Posted on 09/14/2002 10:52:49 AM PDT by Polycarp

Online Edition - Vol. VIII, No. 6: September 2002

The Authority of Church Documents

by Helen Hull Hitchcock

With the multiplication of Church documents -- and commentaries and "interpretations" of them -- the level of authority of these documents is not always clear. A "primer" of the names and designation of some of the main categories of documents -- legislative, doctrinal (teaching) and "pastoral" -- may be useful to those threading their way through them.

At the top of the hierarchy of authoritative documents are apostolic constitutions and decrees issued by popes, such as the Second Vatican Council documents. The Catechism of the Catholic Church was presented by the apostolic constitution Fidei Depositum in 1992. These documents, along with the Code of Canon Law (1983) have binding authority on the entire Church. These are legislative documents, containing dogmatic or doctrinal elements.

Papal teaching documents, encyclicals, apostolic letters, apostolic exhortations, and "motu proprio" documents expound or explain existing law.

Instructions, issued by Congregations, with the approval of the pope, likewise explain Council documents or decrees. Examples are the Instructions on the implementation of the Council's Constitution on the Liturgy, Sacrosanctum Concilium.

There are other explanatory documents that interpret regulations given in Canon Law or other official legislative documents of the Church. For example, official responses to questions (dubia) of bishops addressed to the Holy See.

The official documents issued by a national conference of bishops, usually called "pastoral letters", are explanations of how Church teaching applies to or is to be put into effect within a given country. Such documents must always be absolutely consistent with the teaching and law of the universal Church, and ordinarily require official confirmation by the Holy See (recognitio) to be effective.

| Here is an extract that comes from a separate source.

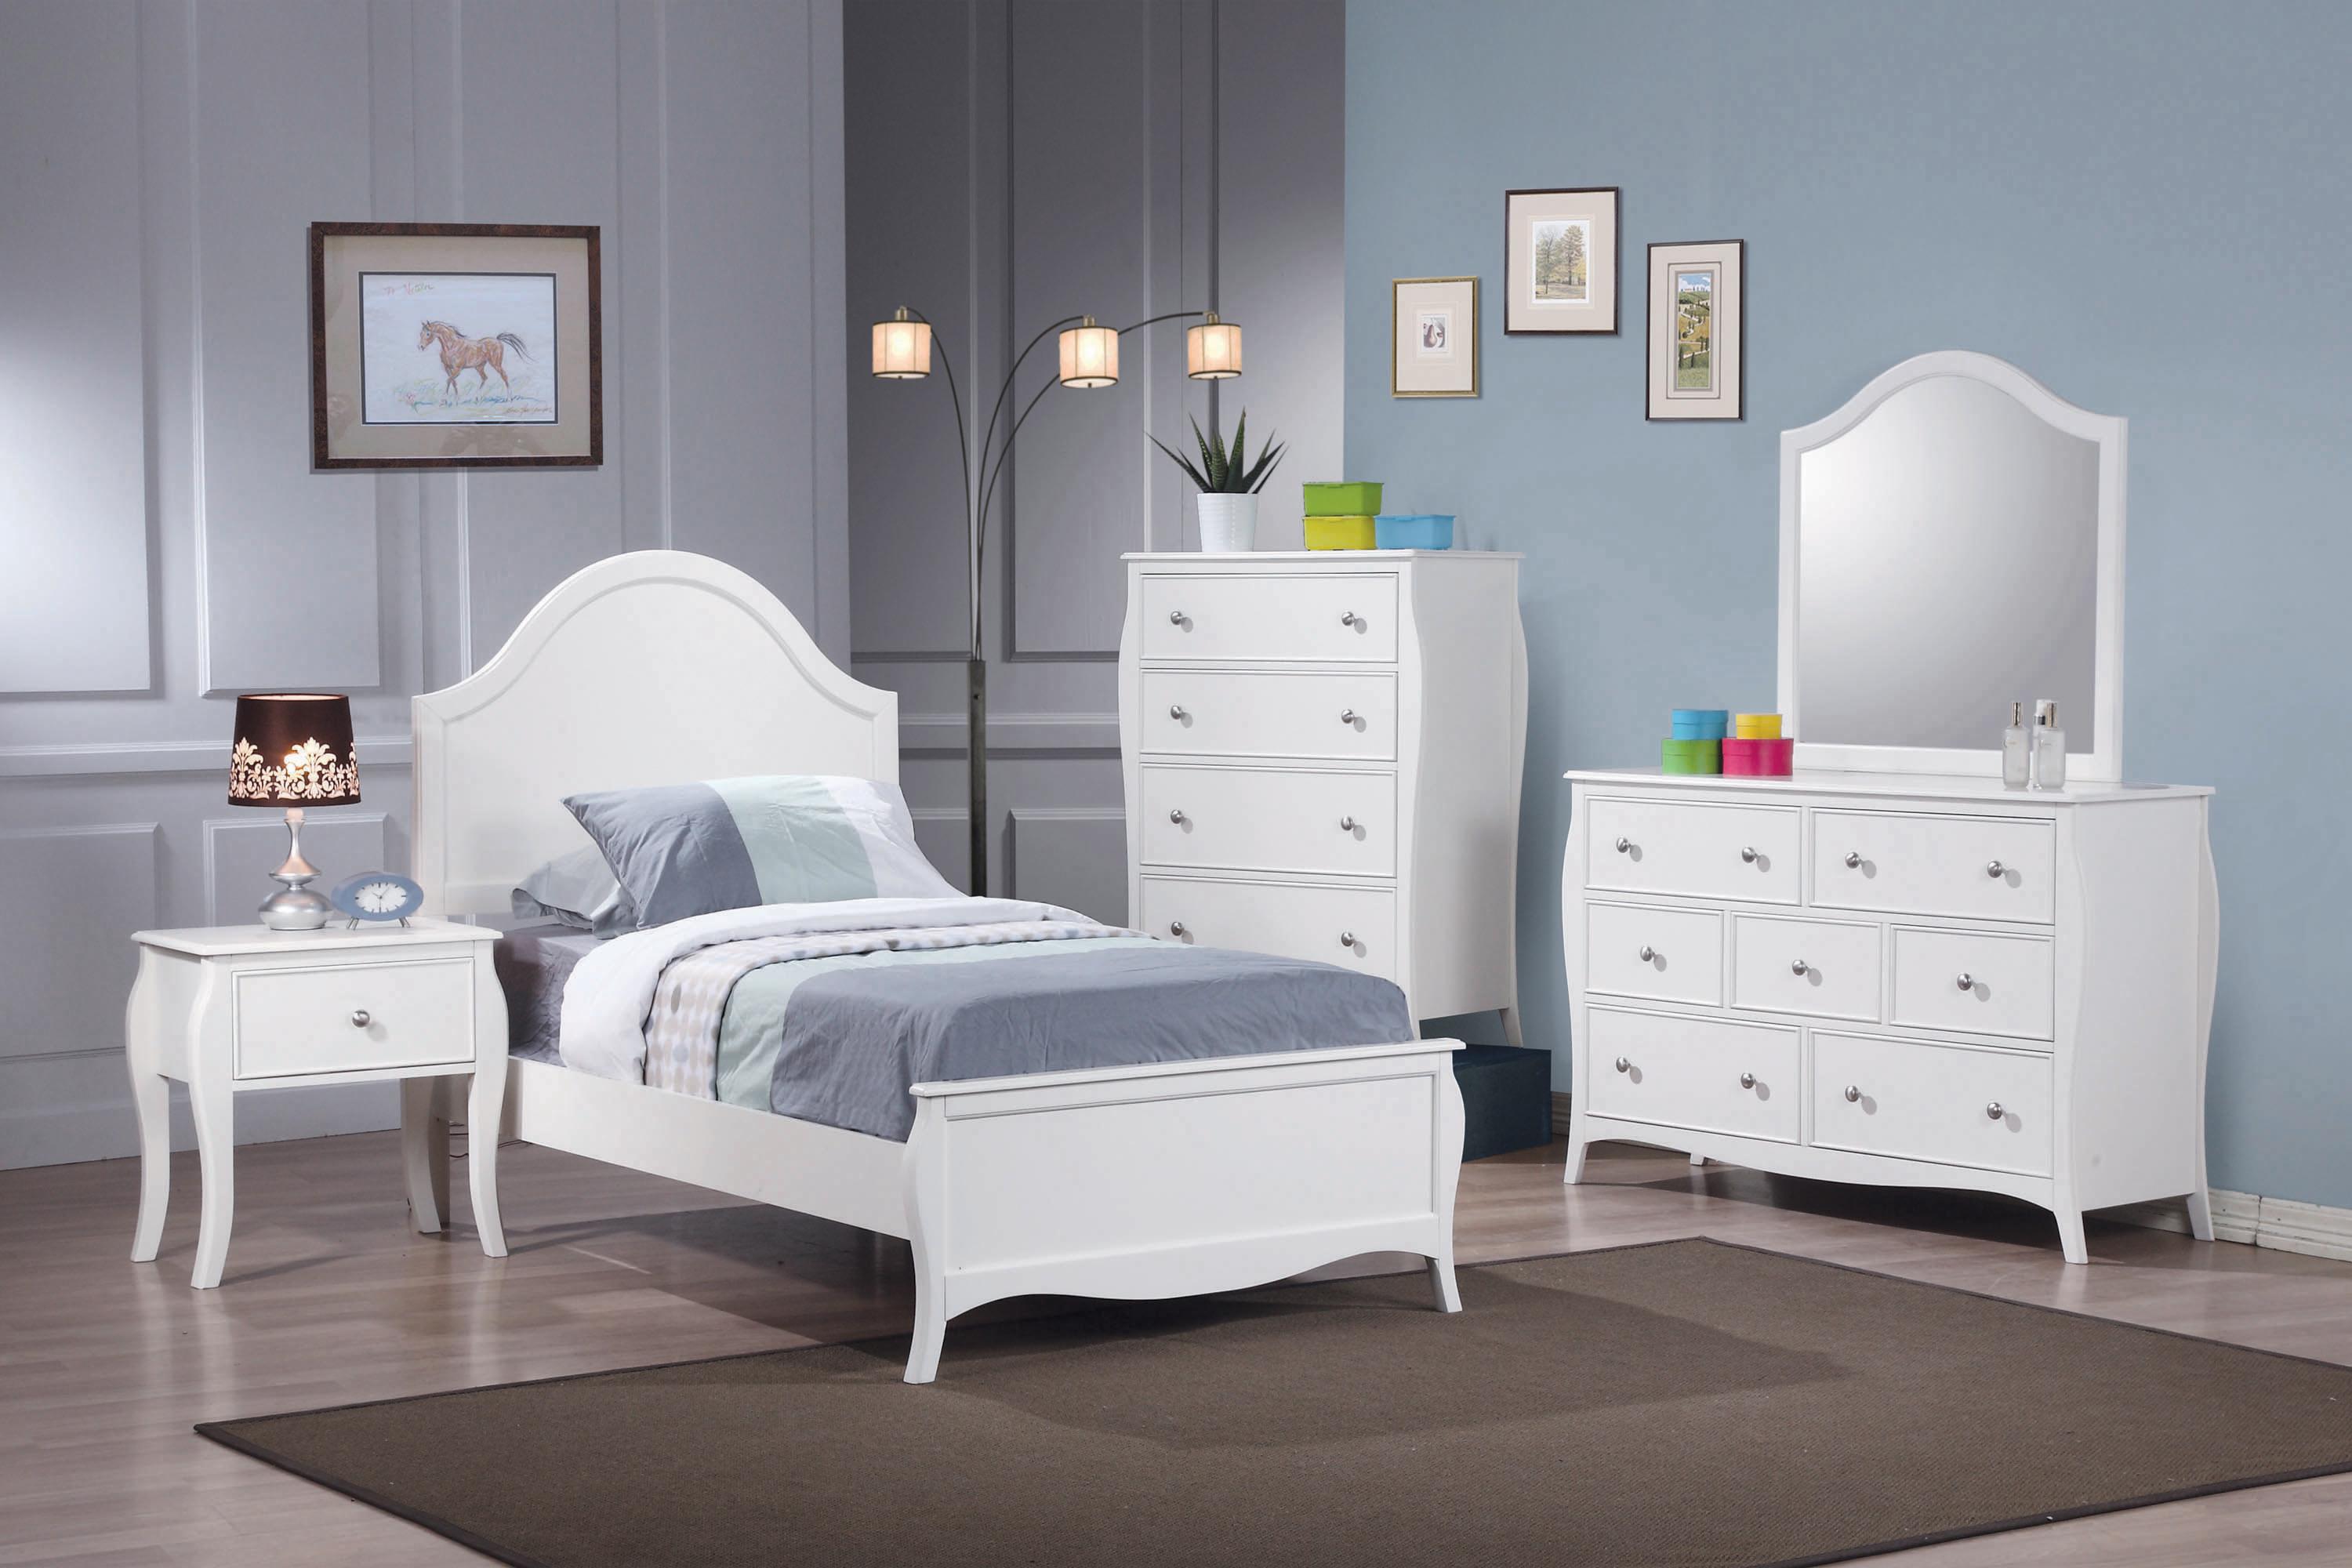 Traditional Bedroom Set 400561T-3PC Dominique 400561T-3PC in White

This is the case with all the liturgical documents and texts a national conference produces.

An example of a conference committee statement that was approved by the conference of bishops but did not have the approval of the Holy See is the 1990 Criteria for the Evaluation of Inclusive Language Translations of Scriptural Texts Proposed for Liturgical Use, which was written by a sub-committee of the conference. It was superseded by the Instruction Liturgiam authenticam.

Documents issued by an individual diocesan bishop have authority within that diocese, provided that they do not conflict with universal teaching or law, or documents of the conference that have the recognitio of the Holy See.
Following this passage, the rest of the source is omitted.